Researchers discover way to slow or block recurrence of glioblastoma
By Steven Lee
Researchers at The University of Texas at San Antonio have discovered a way to delay or even block recurrence of the deadliest brain cancer after radiation, bringing new hope
for survival.
Ironically, the scientists found that the customary treatment for glioblastoma, ionizing radiation, can also cause tumors to recur, by generating senescent or aged cells that secrete molecules that can spur growth of neighboring cancer cells.
But they discovered that a new class of experimental “senolytic” drugs, given after radiation, can kill those senescent cells while sparing normal ones, thereby stemming recurrence. A senolytic refers to a novel class of small molecules thought to selectively induce death of senescent cells.
“These findings lend credence to the ‘one-two punch’ approach to radiation therapy, where radiation or other agents are first used to induce senescence in a tumor, and then the senescent cells are removed by a senolytic,” said Sandeep Burma, PhD, professor and vice chair (research) of neurosurgery at UT San Antonio and Mays Cancer Center.
Burma and Bipasha Mukherjee, PhD, associate professor of neurosurgery at UT San Antonio, are lead authors of the study, “Targeting cIAP2 in a novel senolytic strategy prevents glioblastoma recurrence after radiotherapy,” published Feb. 19 in the journal EMBO Molecular Medicine. Other authors also are with the departments of neurology, biochemistry and structural biology, and medicine at UT San Antonio, as well as the University of Texas Southwestern Medical Center in Dallas, and the Mayo Clinic of Rochester, Minnesota.
A double-edged sword
Recurrence of glioblastoma, the most common primary brain tumor in adults, is a major clinical problem as it occurs quickly and can be even more aggressive.
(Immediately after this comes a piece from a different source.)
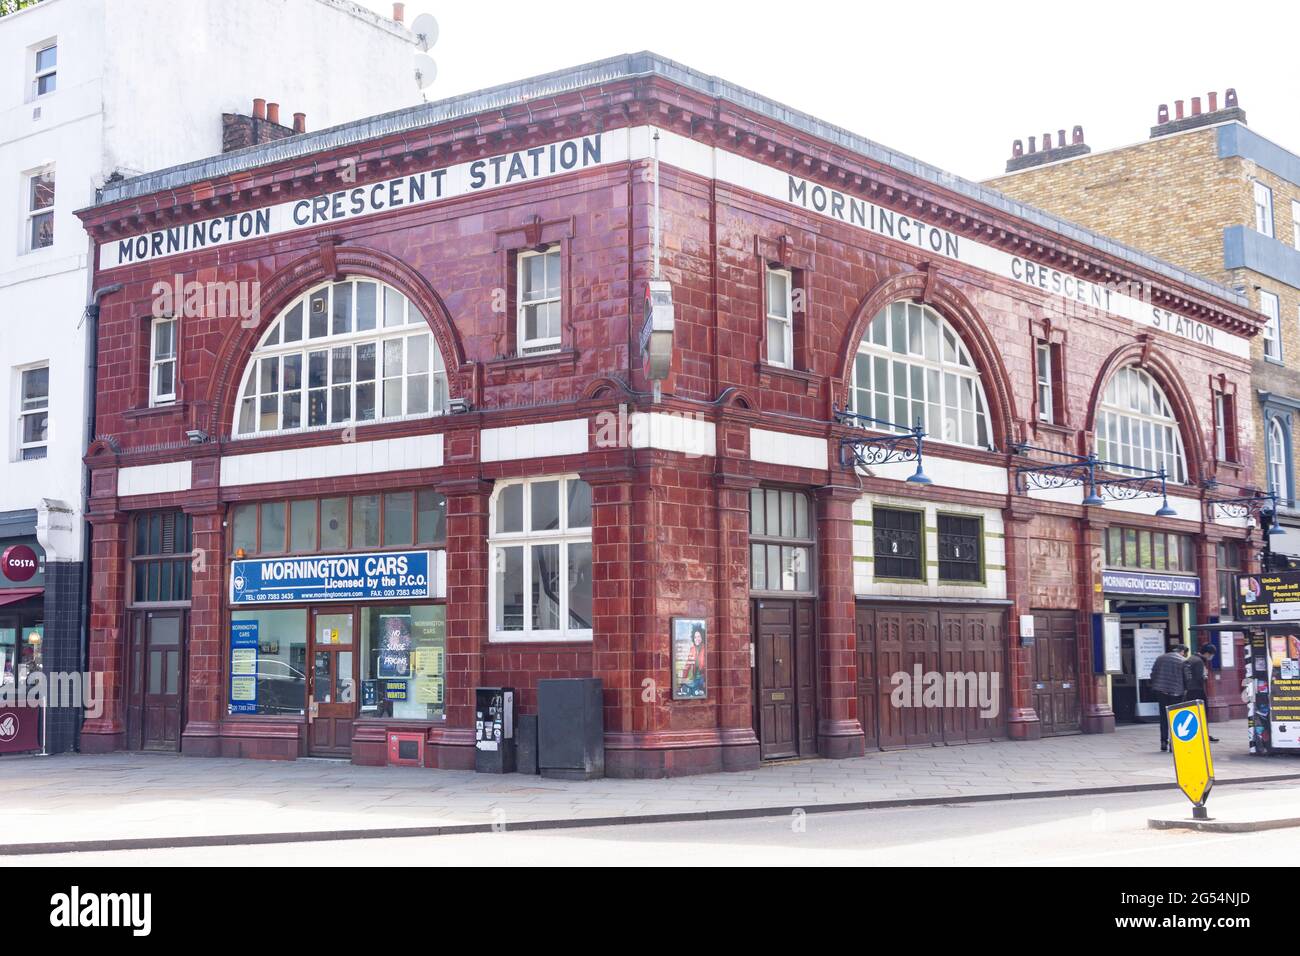 Mornington Crescent Underground Station, Camden High Street, Camden Town, London Borough of Camden, Greater London, England, United Kingdom Stock Photo

Accordingly, Burma’s lab has focused on understanding the forces driving recurrence and strategies to block the process.
Specifically, they are trying to understand whether senescence of cancer cells after radiation therapy – also called therapy-induced senescence, or TIS – might counterintuitively be driving recurrence.
Burma said that ionizing radiation, which is routinely and, in many cases, effectively used to treat cancer, is a double-edged sword since radiation also is a powerful carcinogen. For glioblastoma, radiation is still the most effective therapy. But radiation exposure also is the only known risk factor for its development, and could perhaps also drive recurrence.
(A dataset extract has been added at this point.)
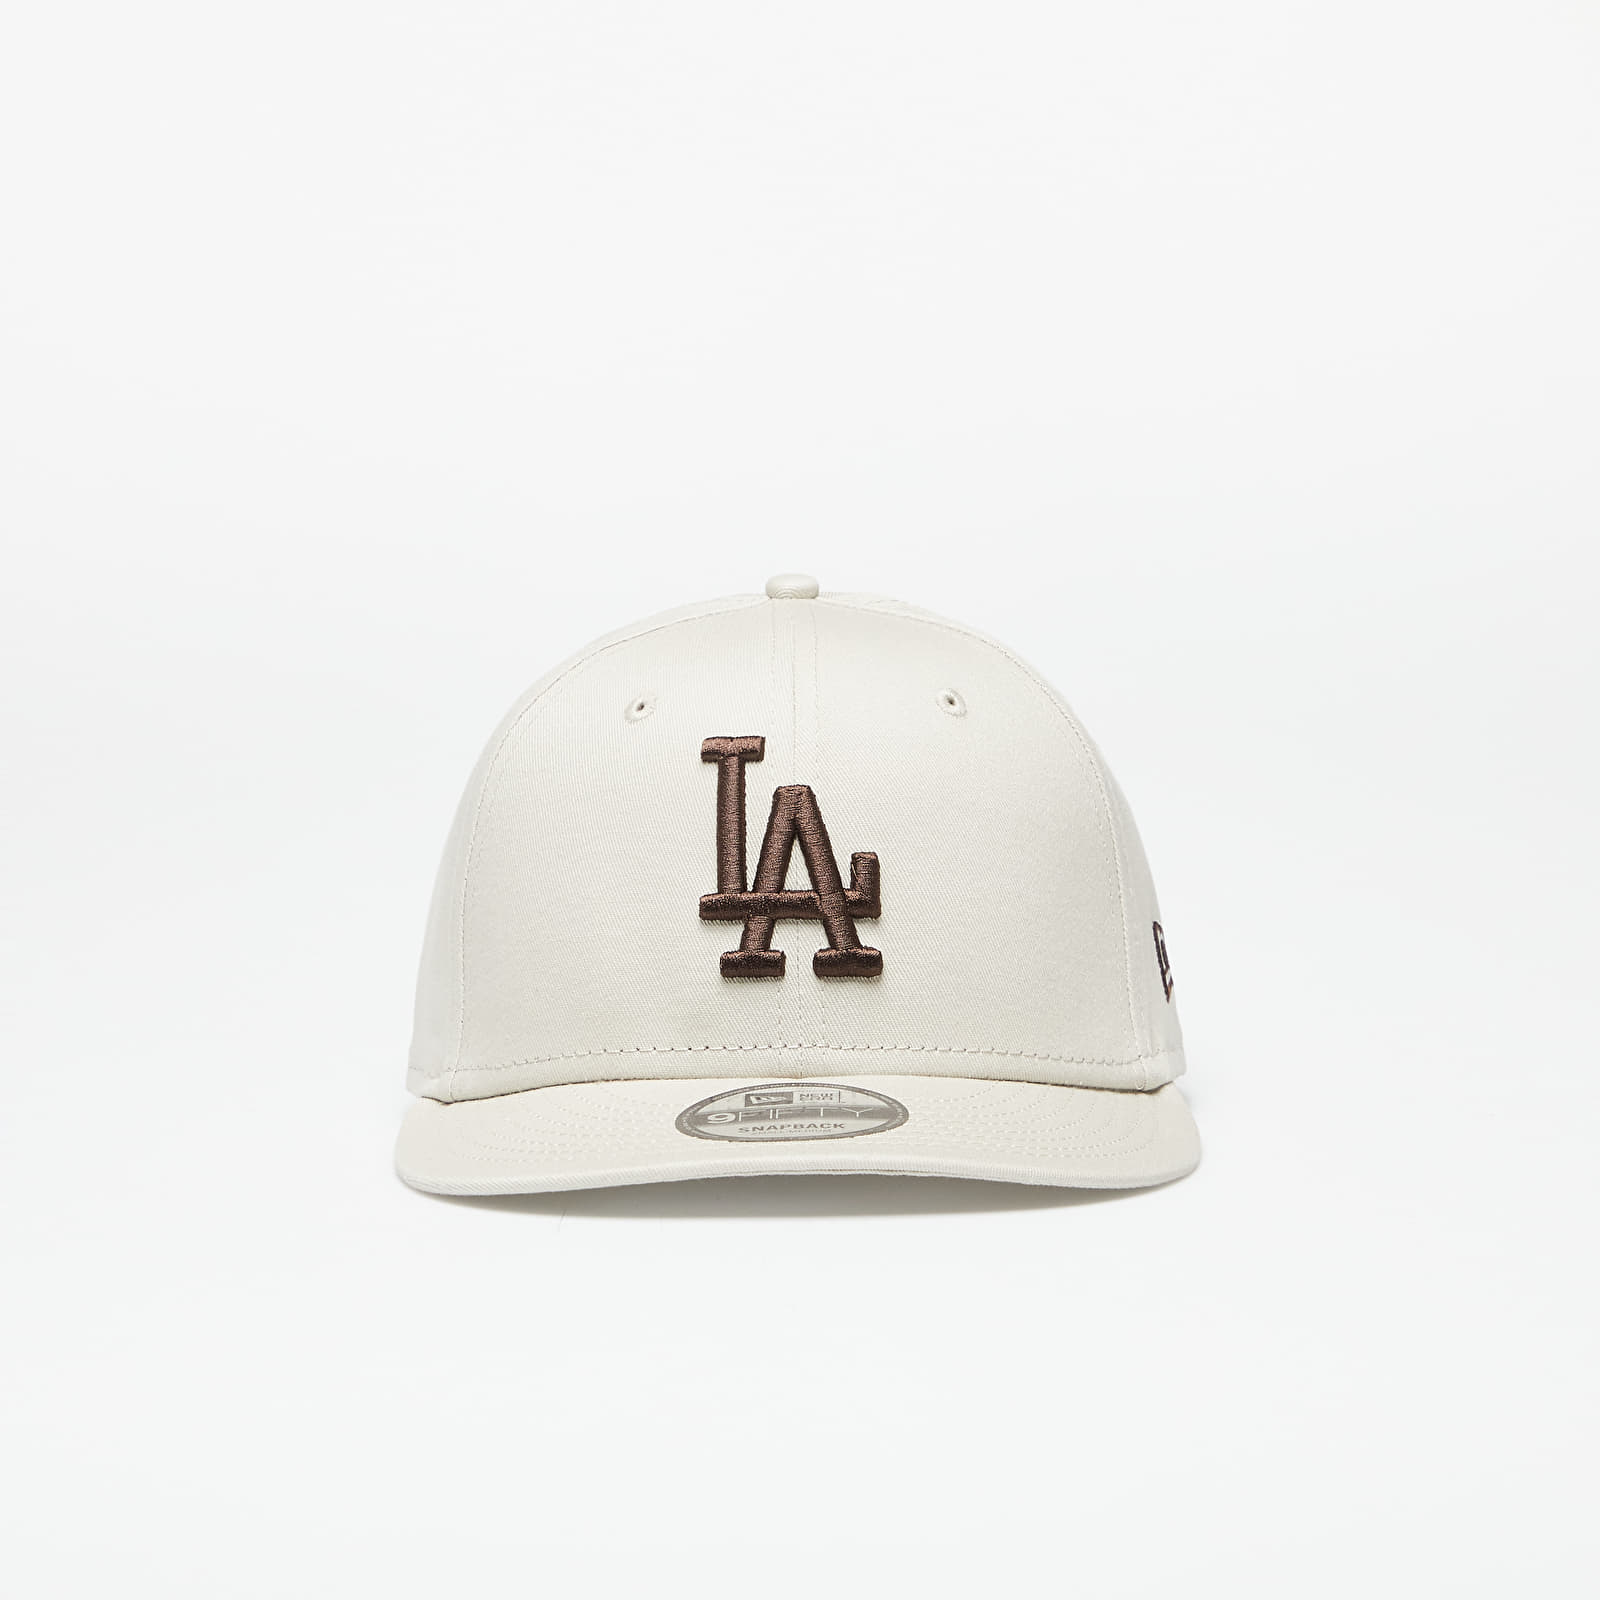 Caps New Era Los Angeles Dodgers League Essential 9FIFTY Snapback Cap Stone/ Nfl Brown Suede

When a tumor is radiated, a cancer cell can either die or remain alive but be permanently unable to divide further, a state called senescence, with both outcomes controlling tumor growth.
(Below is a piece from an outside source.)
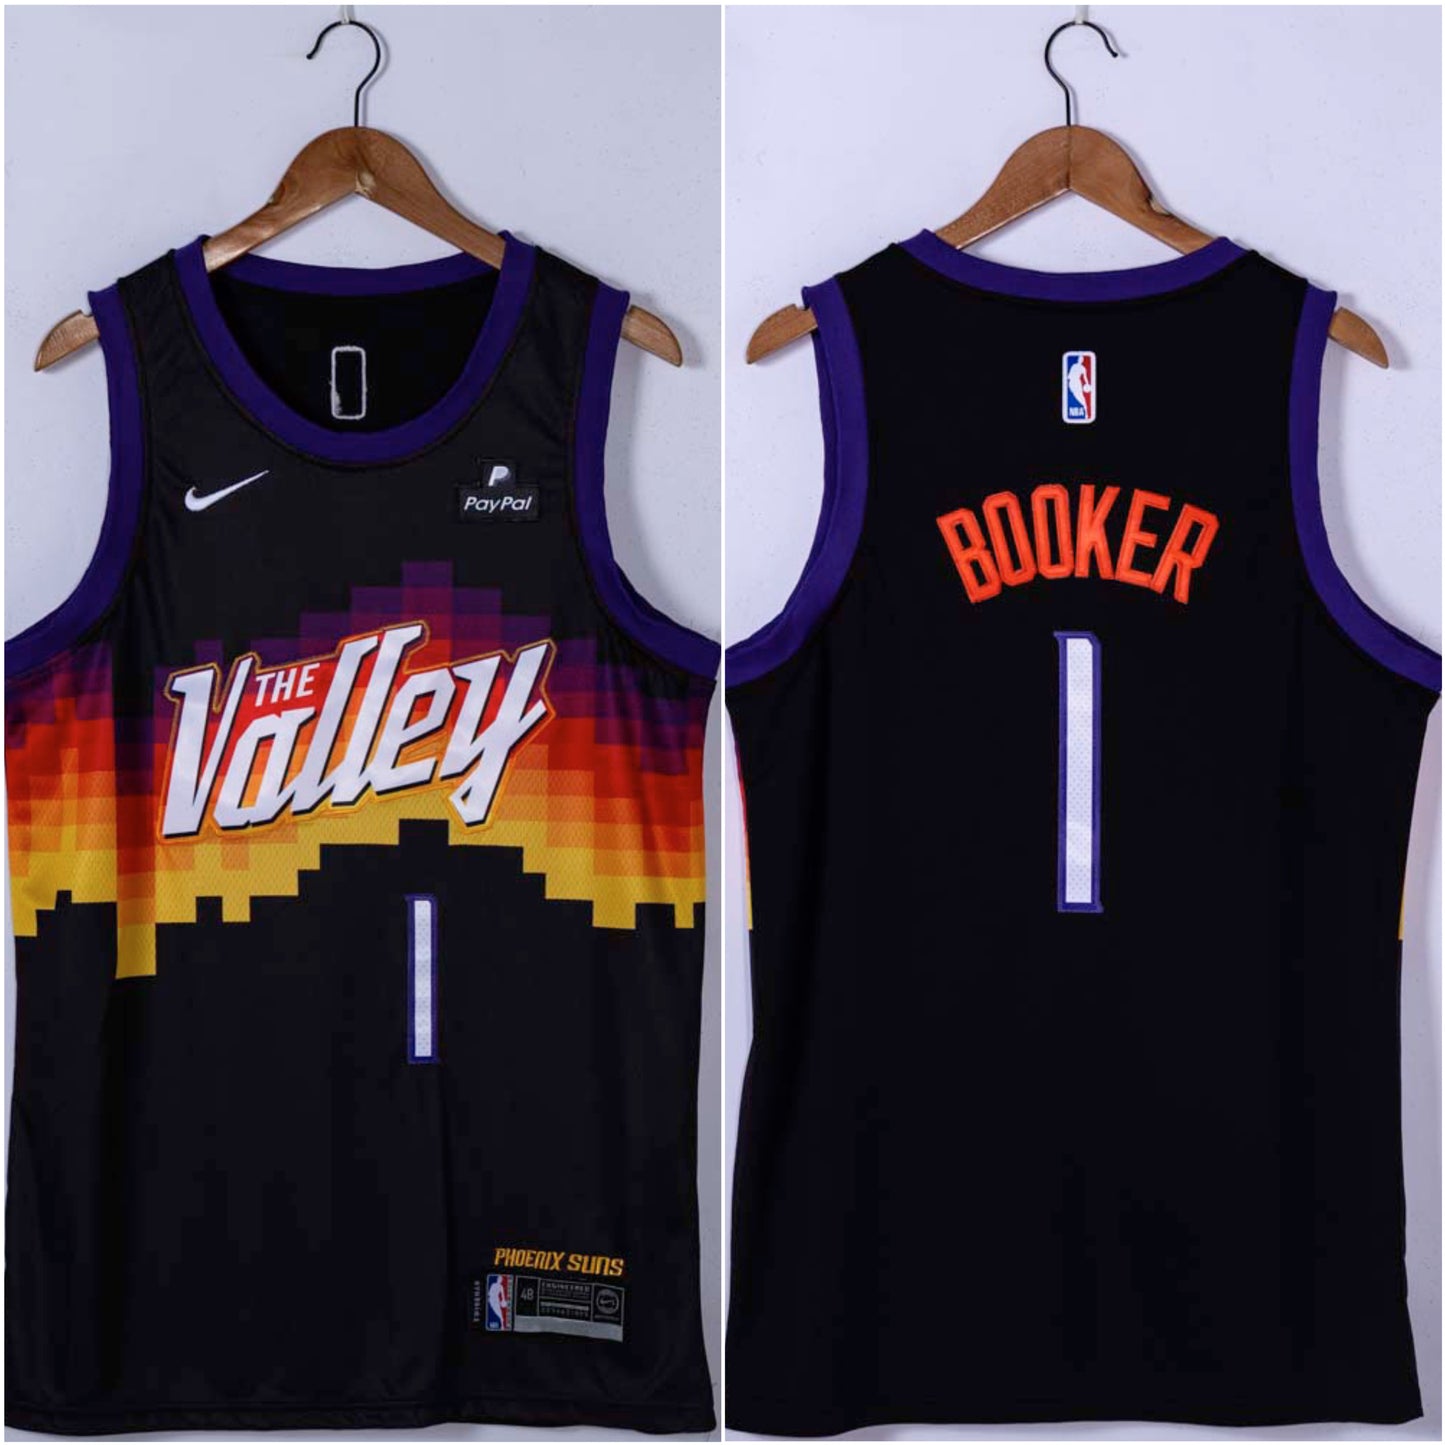 BOOKER 1 Black The Valley Phoenix Suns NBA Jersey

However, researchers in this study discovered that senescent glioblastoma cells secrete large amounts of growth factors and other molecules that can act on persisting cancer cells and encourage them to re-proliferate. What could be done about this problem?
End of senescence
Senolytic gets its name from the words “senescence” and “lytic,” or destroying.
The researchers found that senescent glioblastoma cells rely on an anti-apoptotic protein, or one that slows or prevents cell death known as cIAP2, for survival. They also found that targeting cIAP2 with a senolytic drug called birinapant in mouse tumor models after radiation could kill senescent cells while sparing normal cells.
They tested their approach in multiple mouse models of glioblastoma and found that while the drug was not effective on its own, it was very effective at delaying or even preventing recurrence if given as an “adjuvant” after radiotherapy.
“These pre-clinical results highlighting a novel senolytic approach for glioblastoma are very exciting from a clinical standpoint as they clearly indicate that significant improvement in patient survival may become possible by eliminating senescent cells arising after radiotherapy,” Burma concluded.